Verse 8: What advantage has the wise man over the fool? On the question of joy, he has none, for it lies in the gift of God. Even a poor man who knows how to conduct himself before the living has no advantage. He orders his life with some wisdom, but what good is that if wisdom itself comes with vexation and sorrow as Solomon has said?

Verse 9 is an explicit statement on the nature of desire. Better is the sight of the eyes than the wandering of the appetite. The sight of the eyes here probably refers to seeing life aright. It implies a sort of contentment that sees the nature of the world, that everything is vapor and striving after wind, and refuses to follow one’s wandering desires. Human desire is a fundamental problem in the fallen world (Augustine). Here Solomon commends restraint and contentment.

V. Frustration

Finally, our last point is frustration. Verse 10: whatever has come to be has already been named. This is the same thing we saw in chapter 1. History repeats itself. God is the one who names, and thus defines, all that comes to be. And chiefly here we are concerned with man. And it is known what man is. The nature of man in a fallen world is known, he is already named or defined even before he comes to be.

The nature of man and the nature of the curse, the grievous business God has laid on the sons of men, is not something we can do anything about. Solomon continues, at the end of v.10, he is not able to dispute with one stronger than he. This is a reference to God. Man cannot dispute with God about himself or about the nature of the world, and this is a key to wisdom and eventually joy. Our arms are too short to box with God. Talk about it all you want. Whine about it, mope and brood and grasp and twist and turn for leverage, it won’t do you any good. As v.11 puts it: the more words, the more vanity, and what is the advantage to man?

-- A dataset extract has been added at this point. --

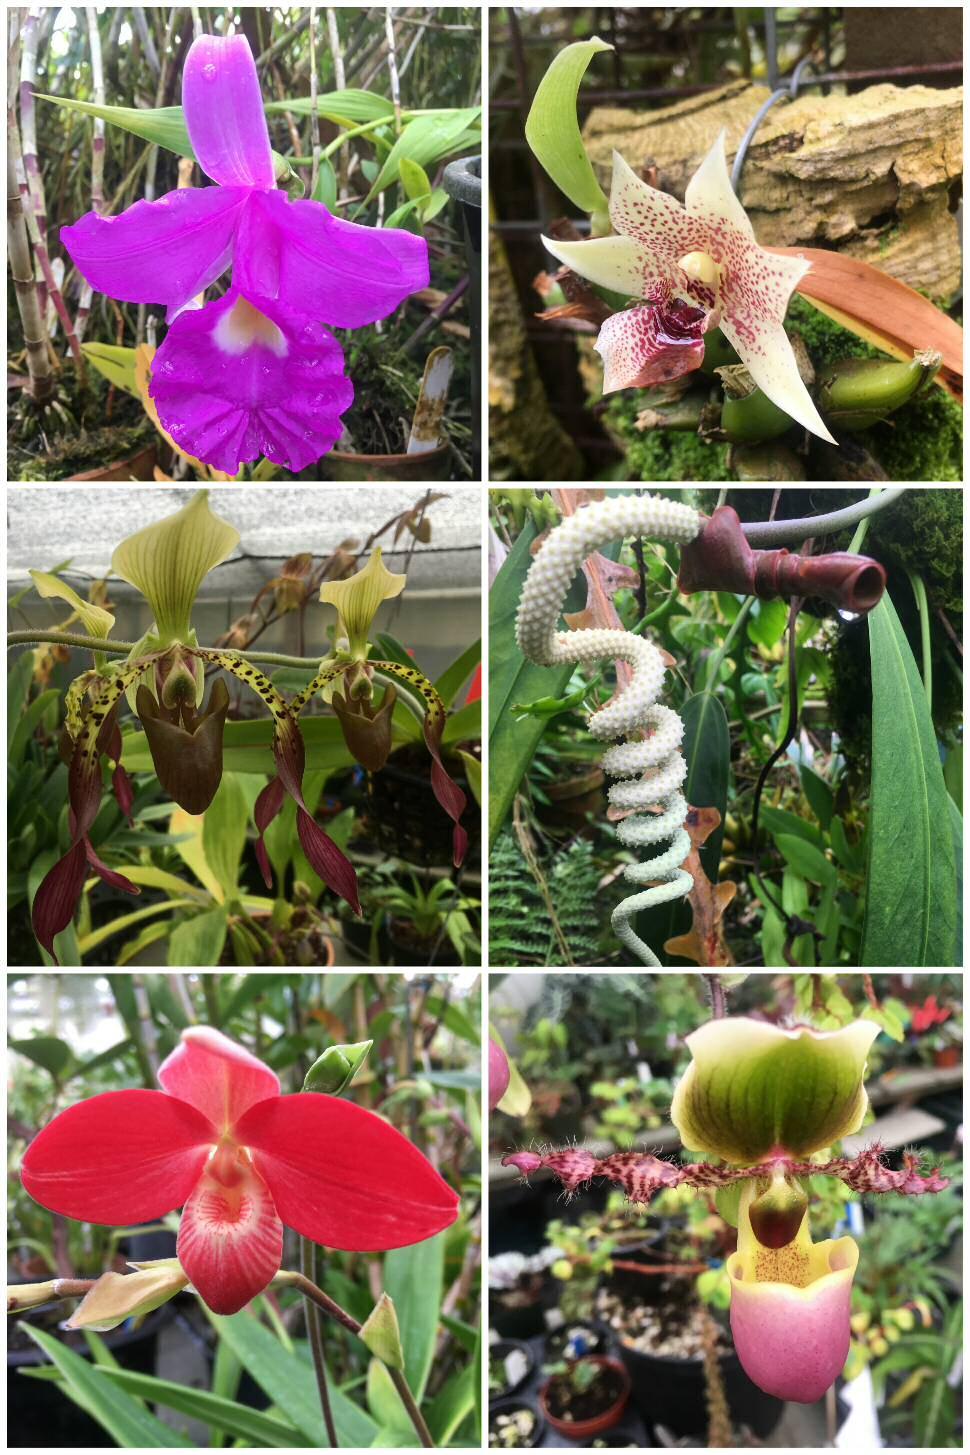 Our field trip to Pacifica to see orchid greenhouses was fun!

In v.12 Solomon seems to contradict himself. He says: who knows what is good for man while he lives the few days of his vain life, which he passes as a shadow? But back in chapter 5, verse 18, he said he saw what was good and fitting. The difference is that we’ve seen in between the opening and closing of this text. The gift of God brings joy, the absence of the gift of enjoyment, even in the face of other magnificent gifts from God, means it’s better to be stillborn. Without this two-fold gift, who knows what is good for man in his shadowy, insubstantial life? Who can tell what will be after him under the sun?

What we have here is no repeal of the vapor or the brutality of life for believers. But we do have two different ways to live here. One by the two-fold gift of God and the other by receiving the goods God gives without receiving the ability to enjoy them. Here we must put matters bluntly. Life in this world is designed to frustrate men who will not fear God. Wealth and honor, children and longevity, desire itself, all become enemies in a twisted and bent world.

Conclusion:

The atheist Ludwig Feuerbach, said man is what he eats. He thought he was attacking the faith with his view. It’s the view of v.7: all the toil of a man is for his mouth and his soul is not satisfied. Though Feuerbach would not care about satisfying one’s soul. Man is just an eating animal. What Feuerbach didn’t know is that we can basically agree with him. How we eat and what we eat ARE decisive for who we are. The sin in the Garden of Eden, as I’ve pointed out, is a food violation. The primal sin had to do with desire. The fall of man sprung from desiring the creation and not the creator. But the gift of God reverses all this. As one theologian put it in response to Feuerbach:

Man is indeed what he eats, and the whole world is presented as one all-embracing banquet table for man. And this image of the banquet remains, throughout the whole Bible, the central image of life. It is the image of life at its creation, and also the image of life at its fulfillment….that you eat and drink at my table in my kingdom.

Man’s primal hunger is for God. That God who has become our life in Jesus Christ. He gives us his flesh and blood to eat and promises to raise us on the last day. And when man orders his loves aright, it means he eats aright, and he eats and drinks and works with joy. As Augustine put it: use and enjoy the things of the world, but LOVE God. Amen.